§ Provided material:
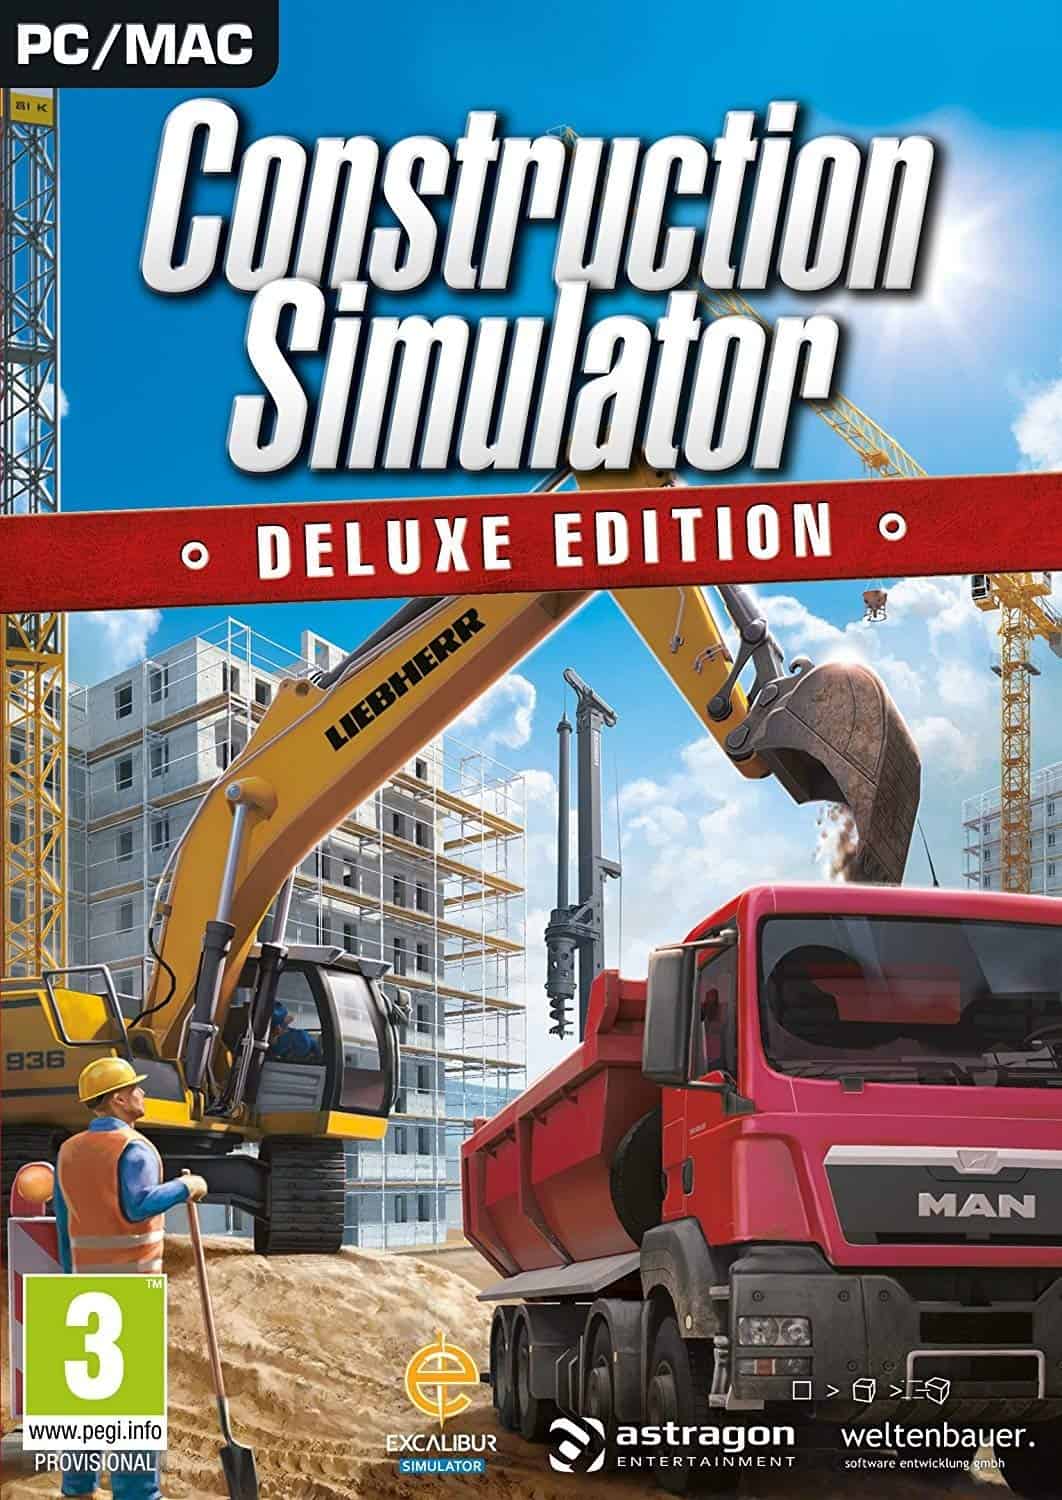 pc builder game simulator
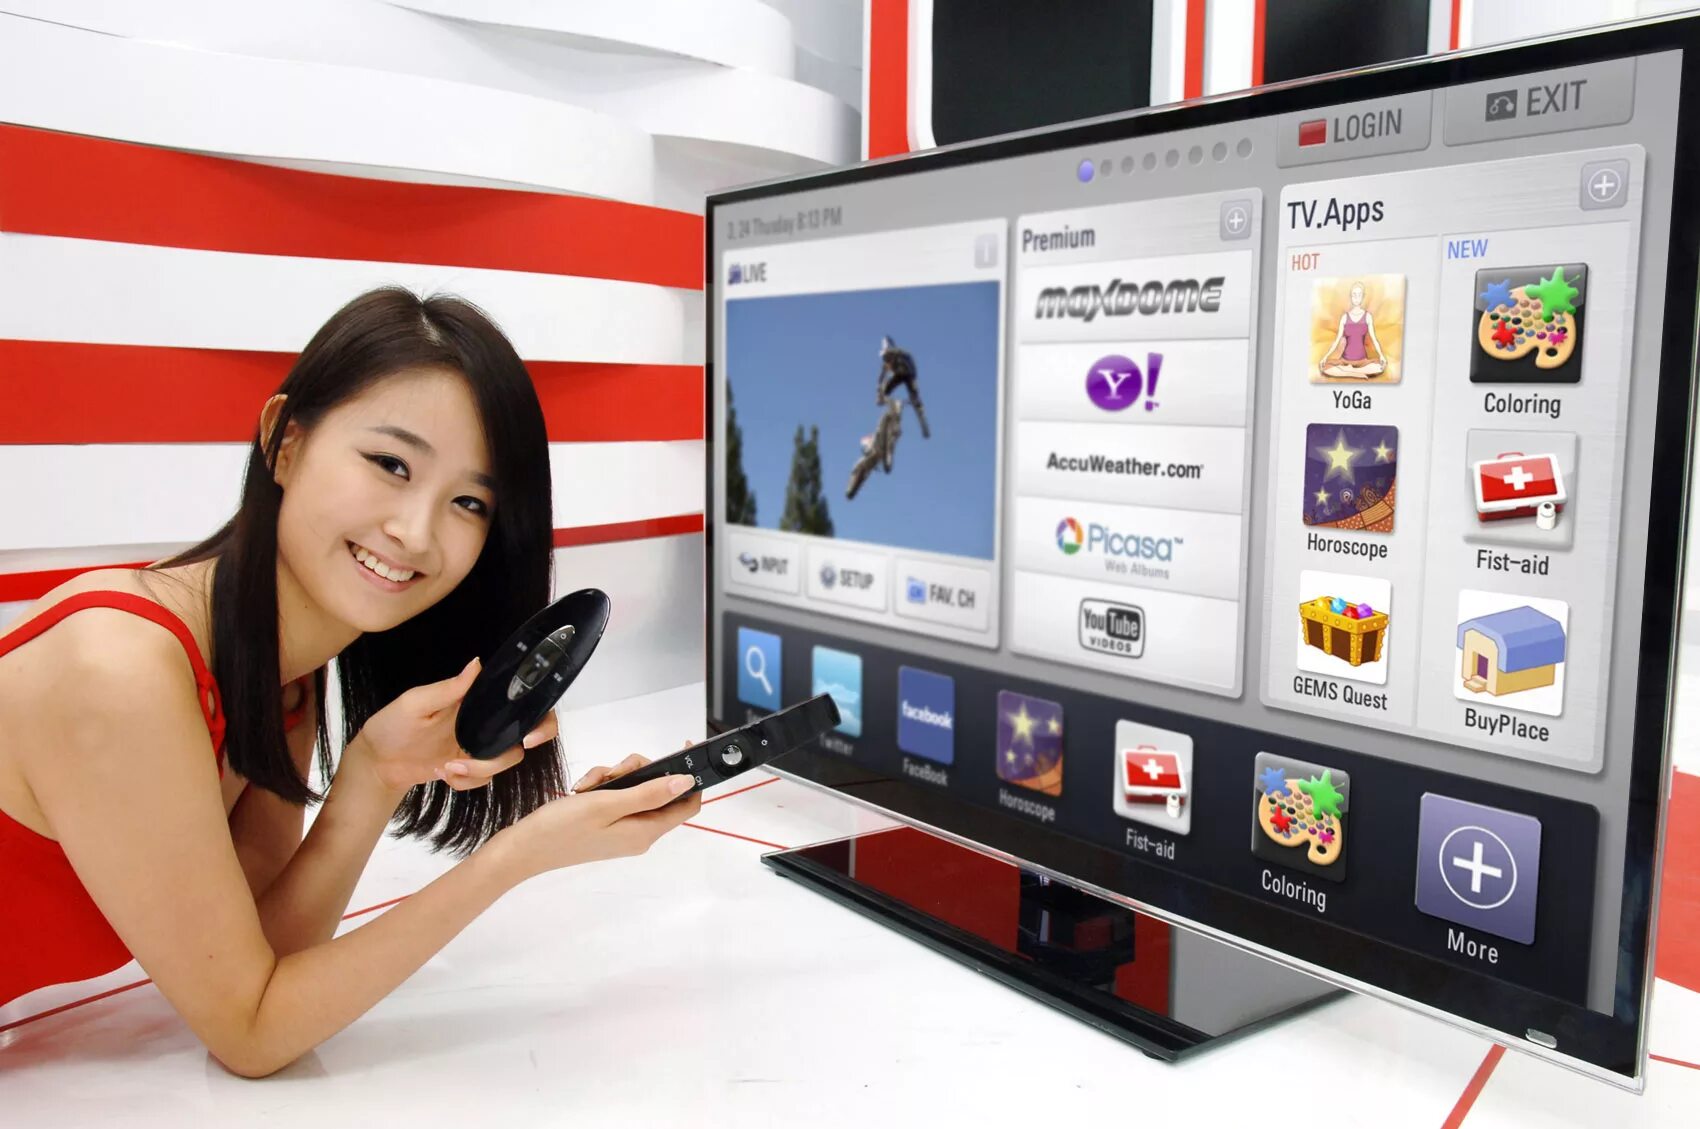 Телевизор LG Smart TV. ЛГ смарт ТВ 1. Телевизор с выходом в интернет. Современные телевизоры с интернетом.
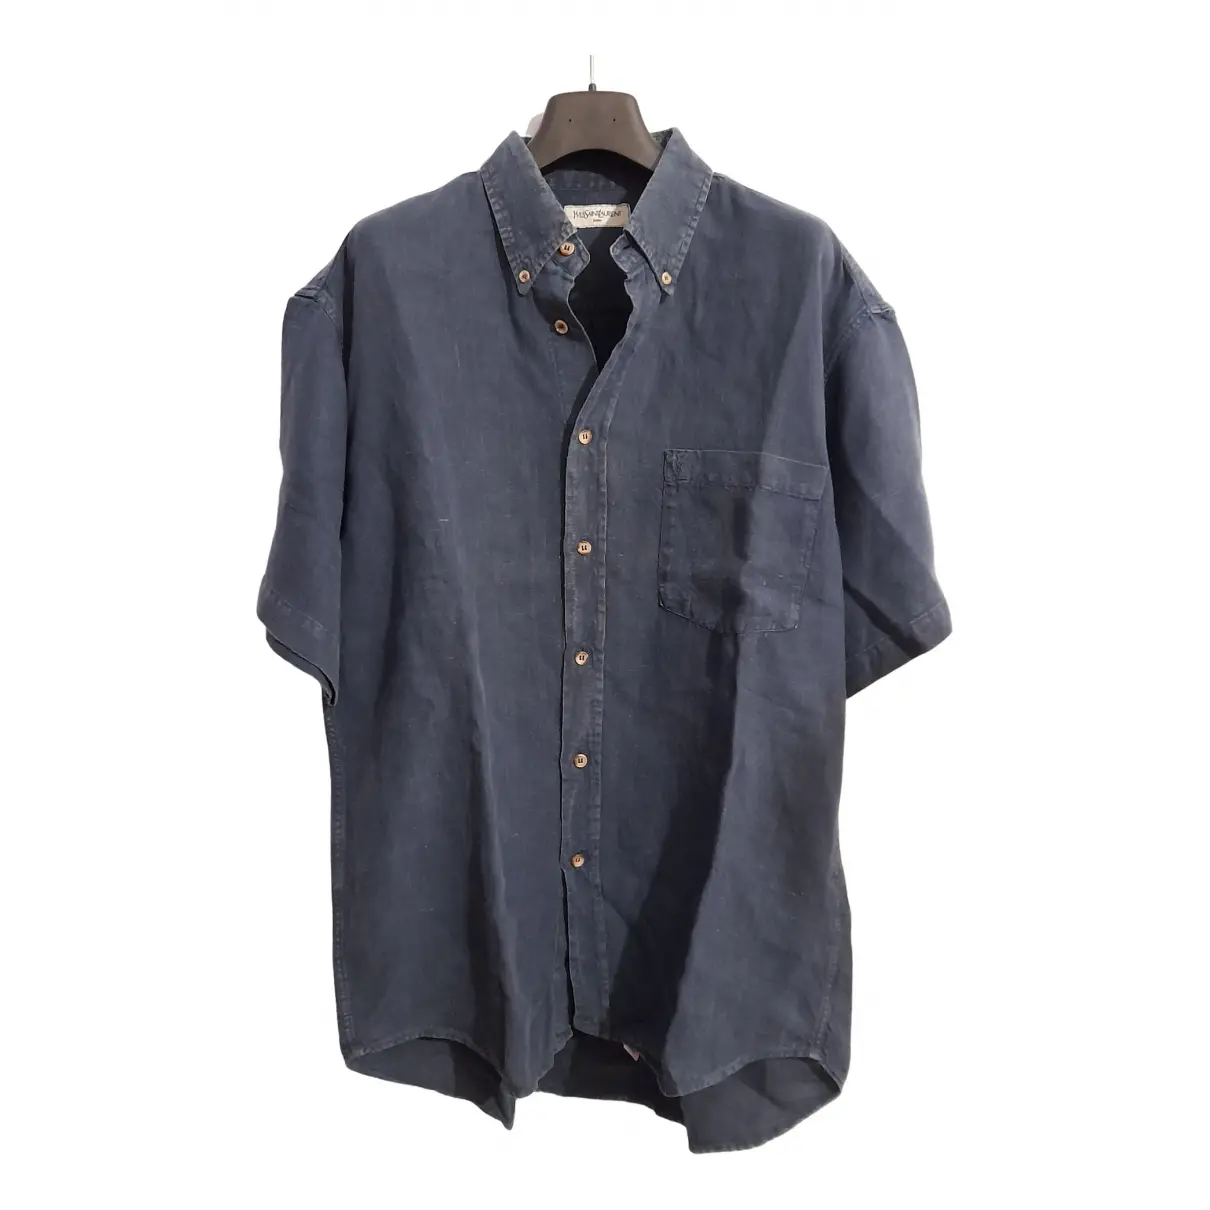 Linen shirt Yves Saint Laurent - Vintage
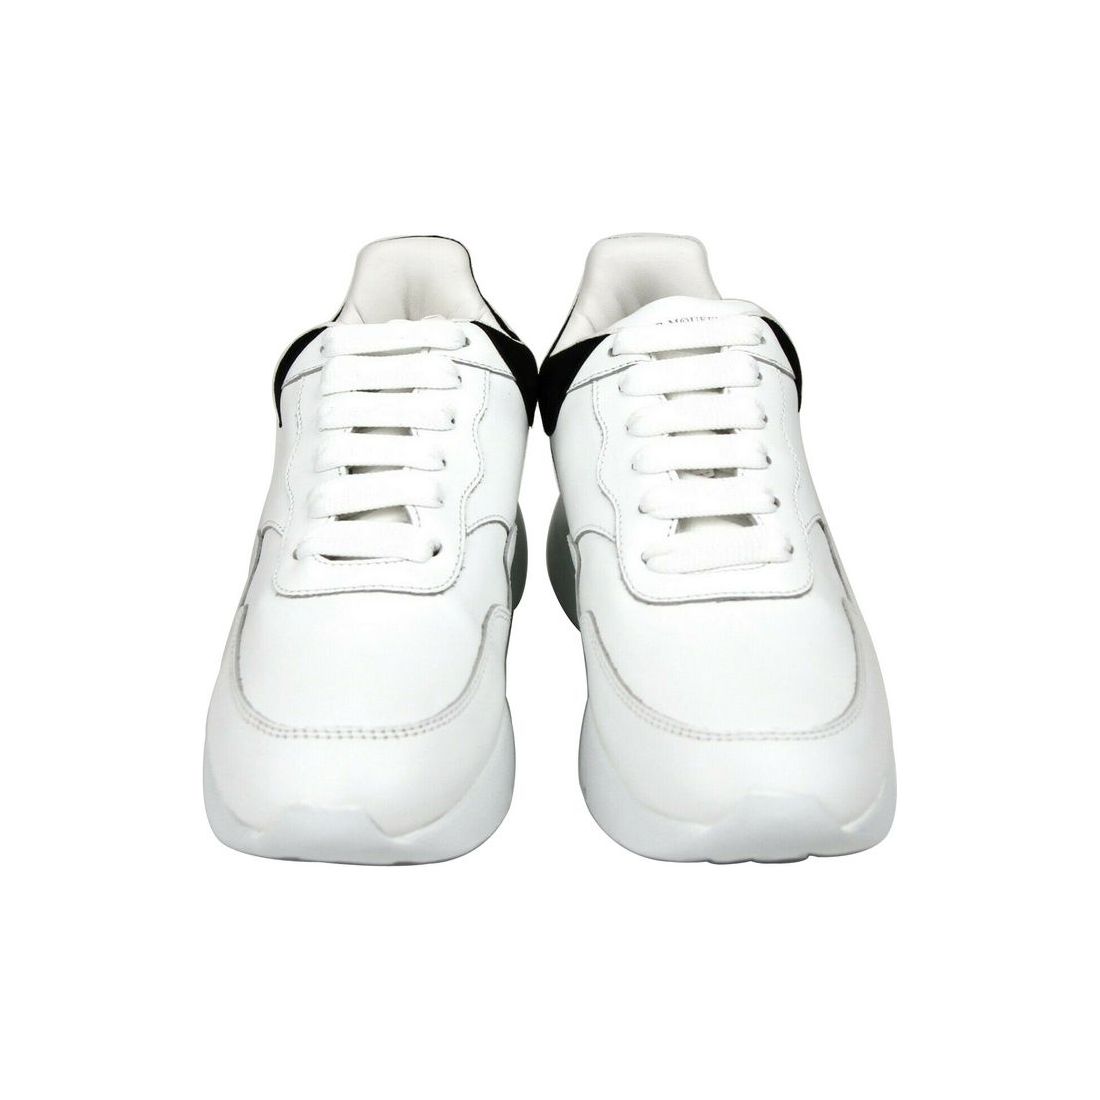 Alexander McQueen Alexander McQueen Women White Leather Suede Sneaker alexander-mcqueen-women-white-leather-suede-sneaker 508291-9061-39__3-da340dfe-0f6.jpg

§ To do:
No pictures go in the copy. Set down all the data exactly.

§ Expected answer:
 pc builder game simulator
 Телевизор LG Smart TV. ЛГ смарт ТВ 1. Телевизор с выходом в интернет. Современные телевизоры с интернетом.
 Linen shirt Yves Saint Laurent - Vintage
 Alexander McQueen Alexander McQueen Women White Leather Suede Sneaker alexander-mcqueen-women-white-leather-suede-sneaker 508291-9061-39__3-da340dfe-0f6.jpg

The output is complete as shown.